/kafka-connect-hackernews

A Kafka Connector to read items from Hacker News and stream it into Kafka. Because why not ¯\_(ツ)_/¯

Primary LanguageJavaDo What The F*ck You Want To Public LicenseWTFPL

kafka-connect-hackernews

A Kafka Connector to read items from Hacker News and stream it into Kafka. Because why not ¯\_(ツ)_/¯

Overview

This source connector reads items (stories, comments, jobs, Ask HNs, polls) from Hacker News via https://github.com/HackerNews/API. Items are read serially starting from initial.start.item (defaults to 1).
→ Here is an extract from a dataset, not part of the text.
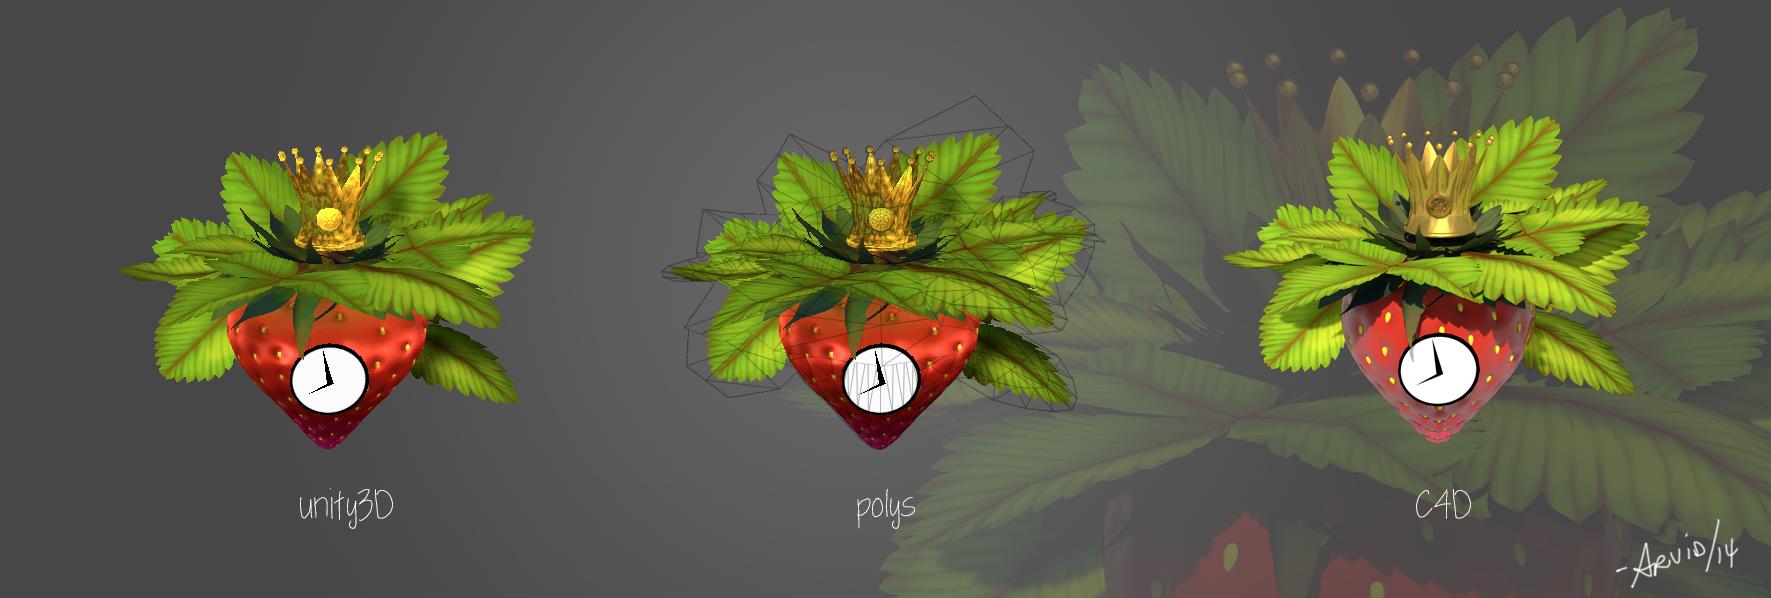 1418507_141529127812_strawberrymaster.jpg

Currently, only a single connector task is supported.

Installation

Run mvn clean package from the repo's root and then copy and unzip the zip archive created in target/components/packages/ to any directory on your Connect worker's plugin path.

Configuration

These are the supported configs :-

Name Description Type Importance
kafka.topic Topic to write to String High
poll.interval.ms Interval between polls (ms) Long High
initial.start.item Hacker News item id to start reading from Long Medium
max.items Maximum number of items to read from Hacker News or less than 1 for unlimited Long Medium

An example config for this connector :-

{
  "name": "HN",
  "connector.class": "com.github.yashmayya.kafka.connect.hackernews.HackerNewsSourceConnector",
  "value.converter": "org.apache.kafka.connect.json.JsonConverter",
  "value.converter.schemas.enable": "false",
  "kafka.topic": "hn-items",
  "poll.interval.ms": "100",
  "initial.start.item": "1"
}

TODO

  • Implement offset tracking and recovery
  • Support dynamic reloading of max item id so that the connector can run forever
  • Add support for schemas